An example Weather MCP repository illustrating the fundamentals of the Model Context Protocol, including tool definitions, server setup, and querying weather data through an MCP interface.
- Fetch weather data for a given city
- Use the Open Meteo API and Open Geocoding API to get the weather data
- Use the standard input/output (stdio) transport for local development
The MCP server is defined in the index.ts file usinf McpServer class from the MCP SDK. It registers a tool to fetch the weather of a city using the geocoding API to get the latitude and longitude of the city and then uses the Open Meteo API to get the weather data.
Then a transport is created to communicate with the server using the standard input/output (stdio) transport for local development and the HTTP transport for remote deployment.

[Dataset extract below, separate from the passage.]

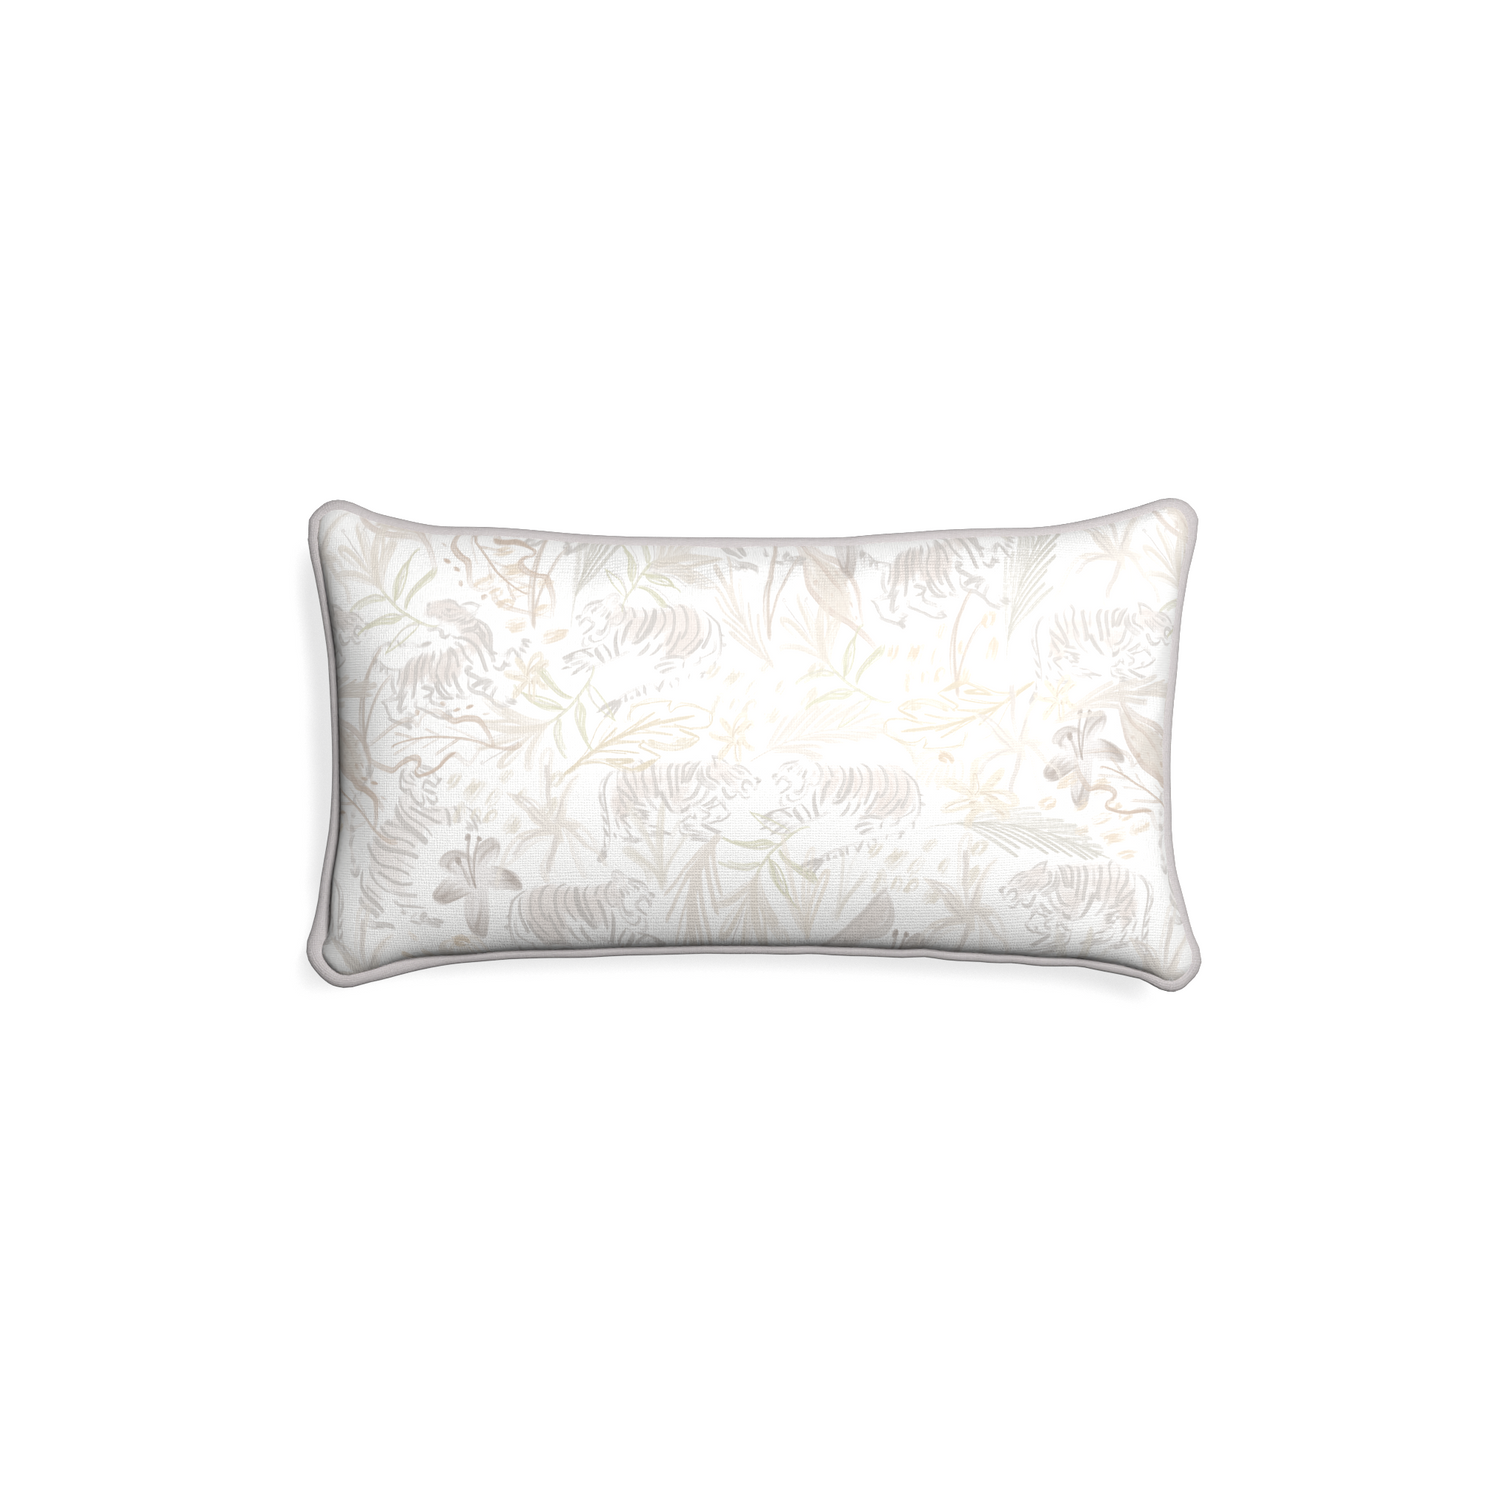 Petite-lumbar frida sand custom beige chinoiserie tigerpillow with pebble piping on white background

That information will be used by the AI agent to send better responses to the user.
Using https://modelcontextprotocol.io/docs/tools/inspector#mcp-inspector you can test the MCP server locally.
Run npx -y @modelcontextprotocol/inspector npx -y tsx index.ts to start the MCP server and then you can test the tool using the MCP inspector.
npx -y @modelcontextprotocol/inspector to start the MCP inspector and npx -y tsx index.ts is how to run your file.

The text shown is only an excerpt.